_Problem to work on_.
Reproduce exactly, and only, the lines below from the one containing "25.08.2016, Tiraspol, Transnistria" through the one containing "歌舞伎座「團菊祭五月大歌舞伎」特別ポスター公開".

_Study material_.

==========

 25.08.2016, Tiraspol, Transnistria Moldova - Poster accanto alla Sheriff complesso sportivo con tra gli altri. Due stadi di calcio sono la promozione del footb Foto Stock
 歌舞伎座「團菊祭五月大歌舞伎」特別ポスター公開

==========

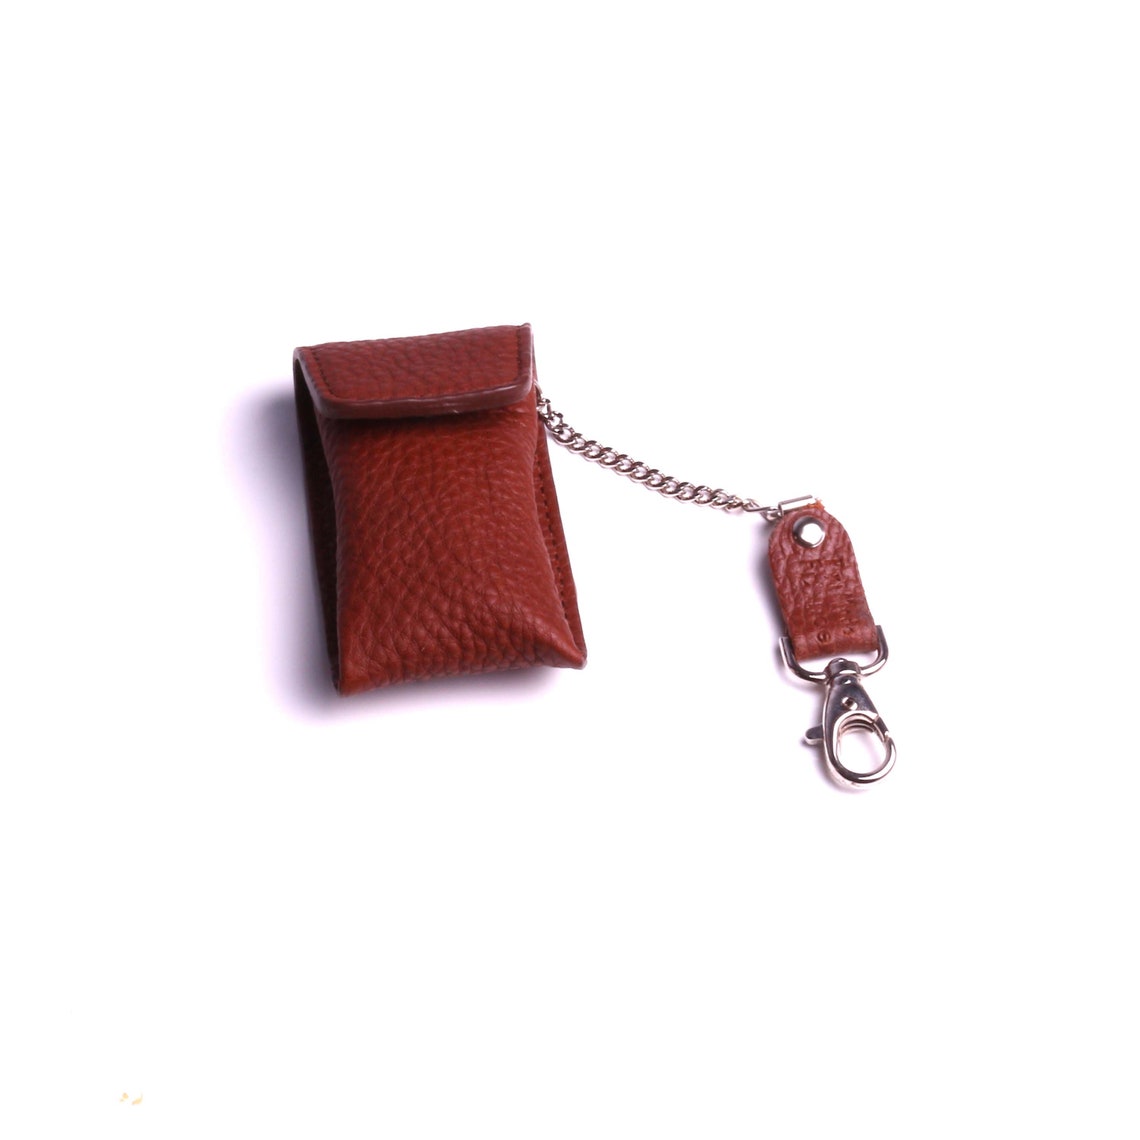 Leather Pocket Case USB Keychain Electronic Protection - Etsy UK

==========

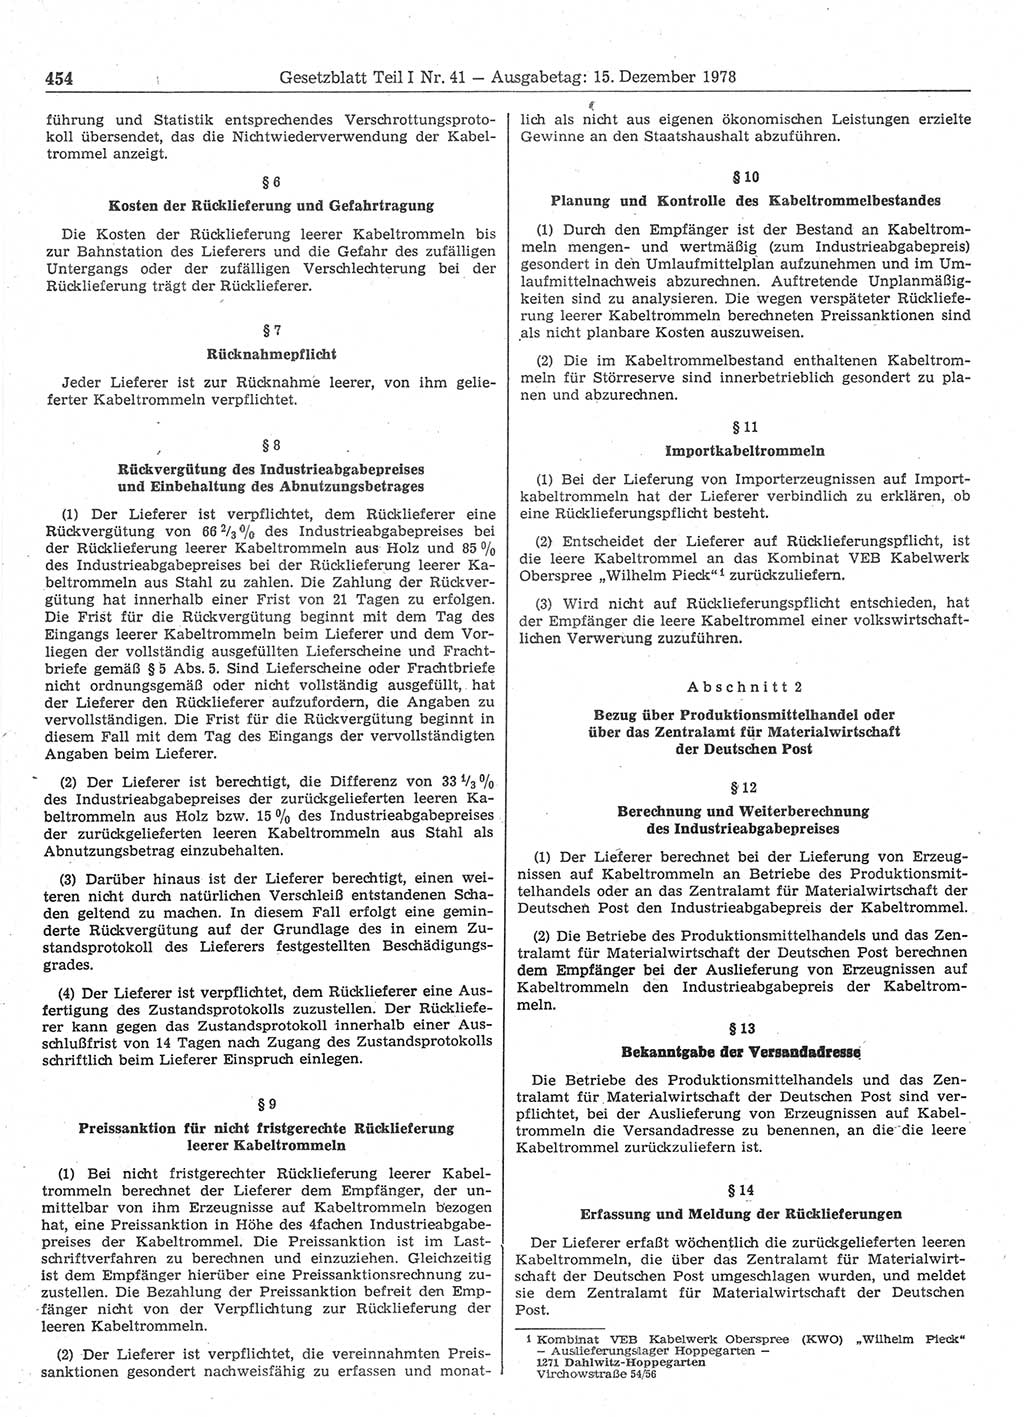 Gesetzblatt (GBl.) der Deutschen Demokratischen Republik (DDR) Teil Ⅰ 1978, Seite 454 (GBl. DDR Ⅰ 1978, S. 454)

==========

_Written solution_.
 25.08.2016, Tiraspol, Transnistria Moldova - Poster accanto alla Sheriff complesso sportivo con tra gli altri. Due stadi di calcio sono la promozione del footb Foto Stock
 歌舞伎座「團菊祭五月大歌舞伎」特別ポスター公開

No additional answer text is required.